The Foreign Legion Detachment in Mayotte (Détachement de Légion étrangère de Mayotte, DLEM) is a detachment of the Foreign Legion based on the island of Mayotte, near Madagascar. It is the smallest operational unit of the French Army. The main role of the detachment is to maintain a French presence in the region, enabling the French armed forces to quickly react to events in the Indian Ocean and the east coast of Africa.

The Foreign Legion Detachment in Mayotte (DLEM) is an infantry regiment of the French Army. The DLEM and all regiments of the Legion, under French command, differentiate from all armies of the world due to, that their Legion Majors, Legion Adjudant Chefs and Legion Adjudants, form both a French and non-French (Foreign) elite composition.

On June 1, 2024, the DLEM became the 5th Foreign Regiment (5^{e} Régiment Étranger).

== History, creation and different nominations==
The detachment of the Foreign Legion in Mayotte (D.L.E.M) is initially heir to the 4th combat company (became in 1965 the 2nd company) of the 3rd Foreign Infantry Regiment (3^{e} R.E.I), the most decorated regimental colors in the Foreign Legion. The legion is also called Bataillon de Légion étrangère de Madagascar (BLEM).

=== Affiliation===
In 1956, while the 3rd Foreign Infantry Regiment (3^{e} R.E.I), was engaged in combat during the Algerian War, the 3^{e} R.E.I dispatched one of its 3 battalions to constitute a marching battalion which took garrison and stationed on the « la grande île », Madagascar. This battalion was named the Foreign Legion Battalion of Madagascar, (B.L.E.M). Following the cease fire and the accords of Evian in 1962, the integrality of the 3rd Foreign Infantry Regiment 3^{e} REI leaves Algeria and regroups at Madagascar, on and around the Diégo Suarez base.

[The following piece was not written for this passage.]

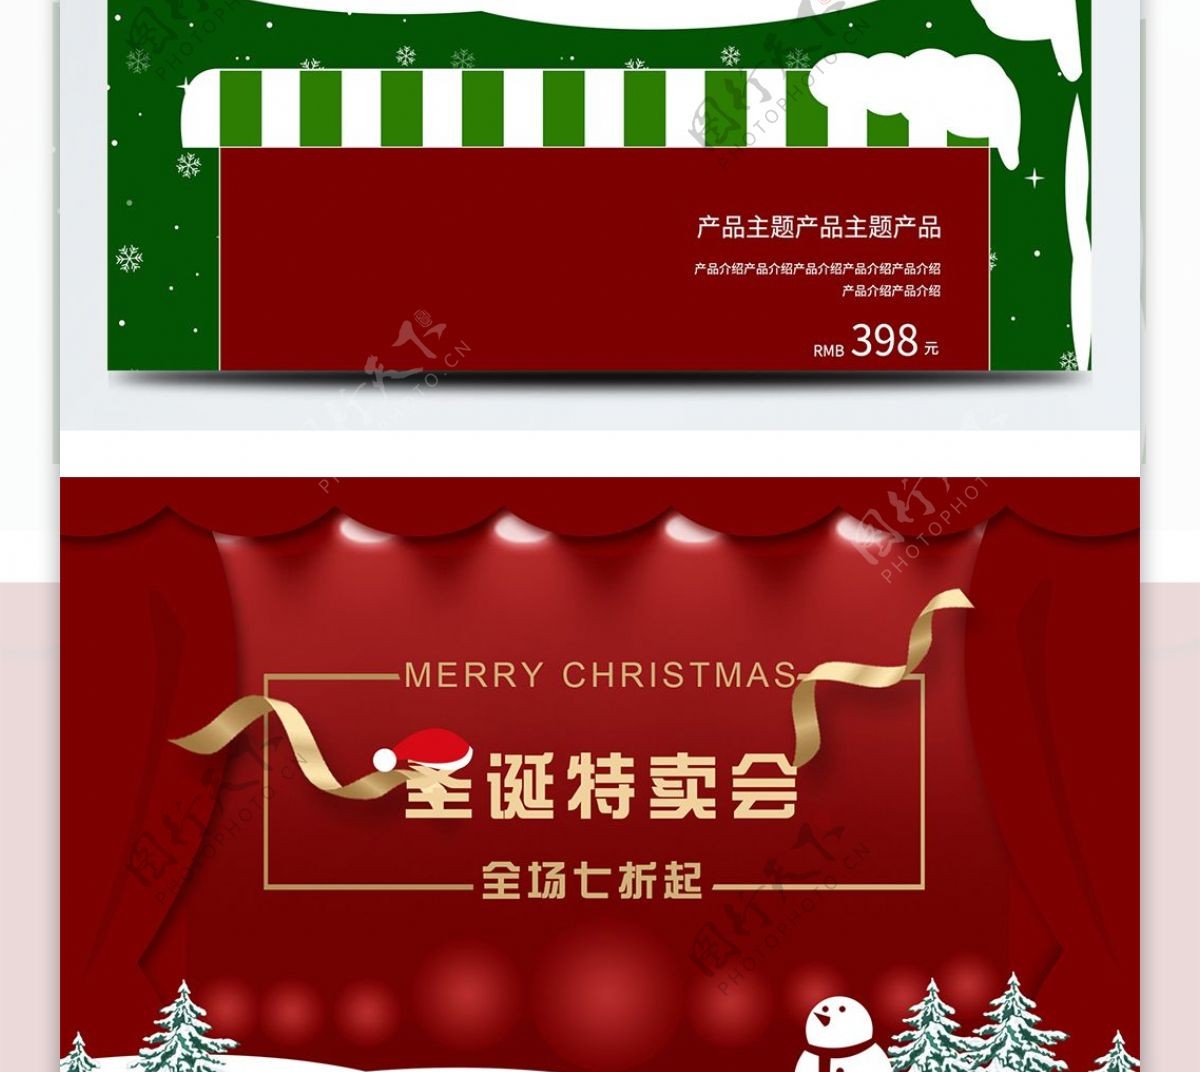 红绿圣诞节电商淘宝天猫促销活动首页

In the following years, the 4th combat company of the 3rd Foreign Infantry Regiment (then, 2nd company after being changed in 1956), periodically conducted exercise drills or nomadizations on the Comores, also was seen parading on the islands and particularly in February 1965 at Moroni in presence of the regimental commander and the music band of the 3rd Foreign Infantry Regiment. In February 1967, the 2nd company intervened in Anjouan, Moroni and Dzaoudzi, where minor troubles were produced.

===Permanent base in the Comores and the creation of the D.L.E.C===
In July 1967, the 2nd combat company commanded then by Captain Brissart, had set permanent garrison in the archipelago of the Comores. The 3rd section (platoon) of this company, commanded by Lieutenant Lafly, stationed at Dzaoudzi (Mayotte) while the 2nd section (platoon) commanded by Lieutenant Spillman stationed at Voivojou (7 km from Moroni on the island of Grand Comores).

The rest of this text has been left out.